We didn't have a record player until I was fifteen, and getting into R&B. But there was a fair bit of classical music on the BBC Home Service, and even on the Light Programme, in the fifties. So I heard the popular things. And there were music classes at school - not to teach us to play, but to appreciate.

I started getting some classical music after hearing the MJQ/Laurindo Almeida version of the Rodrigo Concierto theme, and also their version of Villa-Lobos' Bach Braz #5. So I got the full Rodrigo concierto and one of the Bachiana Braz LPs. I bought a bit of choral music, too - which I thought was dynamic - Bernstein's Chichester Psalms; Elgar's Dream of Gerontius; Orff's Catulli carmina; Liszt's Via Crucis and Penderecki's St Luke Passion.

But it was all just pretty nice music. It didn't GRAB me.
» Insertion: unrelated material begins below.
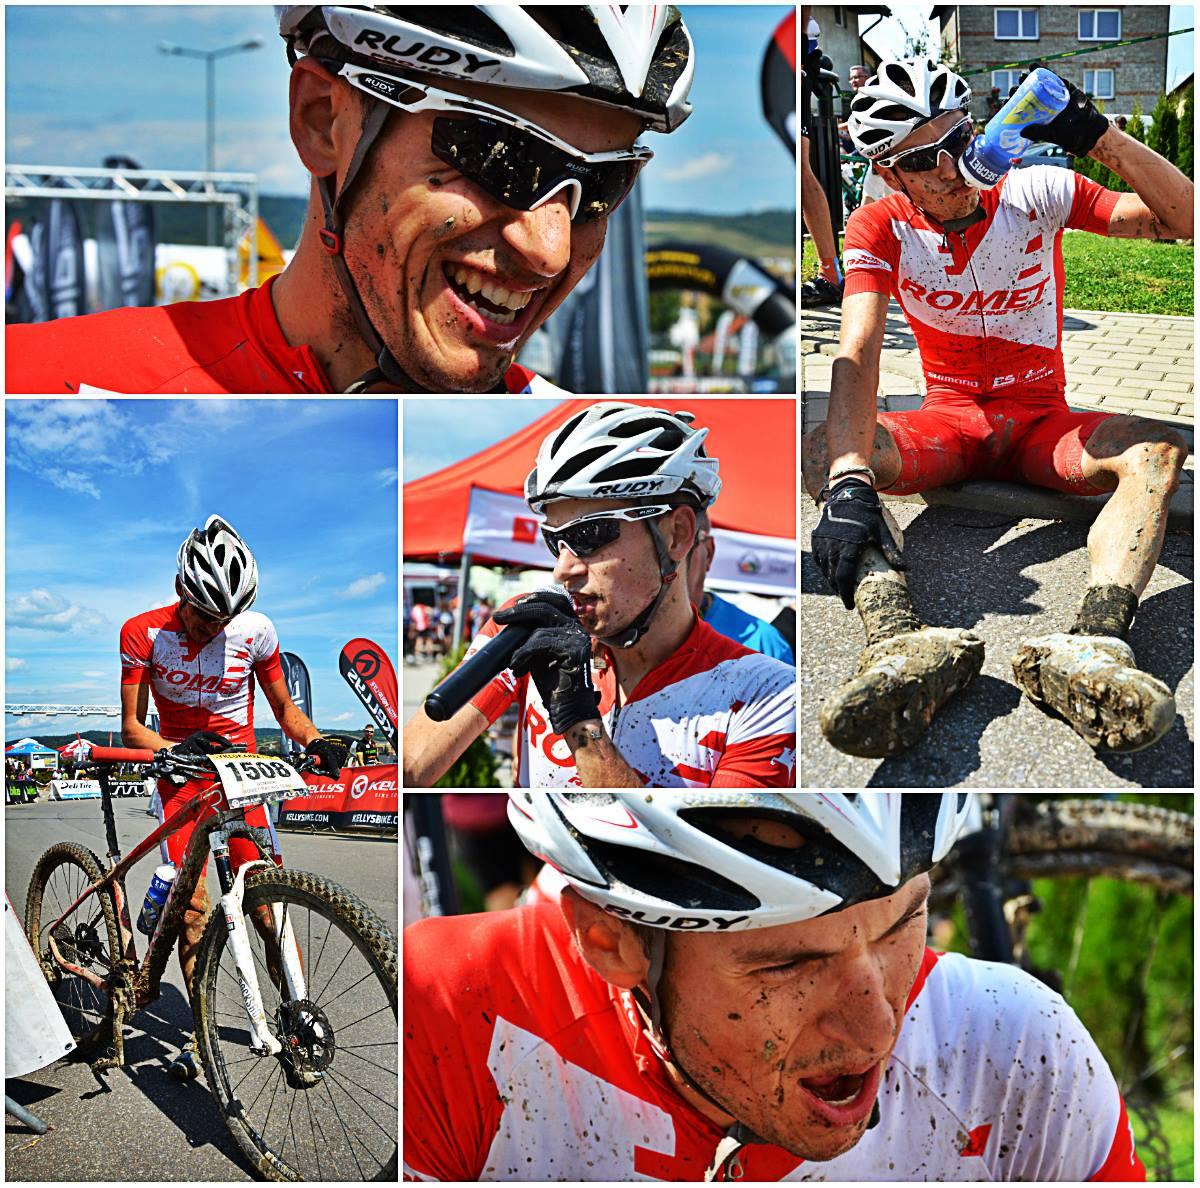 Dominik Grządziel (Romet Racing Team) - Cyklokarpaty, Dukla 2016 1

Then I started hearing 19th C French chamber music, first the Debussy & Ravel quartets, then more of their other work, and Faure, Hindemith, Satie, Lekeu. Then moved onto larger French stuff, and smaller - I really got into Ron Smith's recordings of Alkan and songs of people like Poulenc & Duparc. I bought other stuff, as well - Brahms & Bach cello suites, and other stuff like that. But it didn't get me. So in the end, I decided I just liked French classical music because it was supposed to be entertainment; artistic entertainment, but in the end, showbiz. Then I couldn't afford to pursue everything, so I flogged all but one LP, which I do play sometimes, so I didn't get distracted from Soul Jazz.

I certainly DIDN'T regard French Chamber Music as part of a seamless web with Big Jay McNeely and other honking tenor players :) Or Gospel music, Soul or blues. Maybe because I never really went in for modern jazz all that seriously.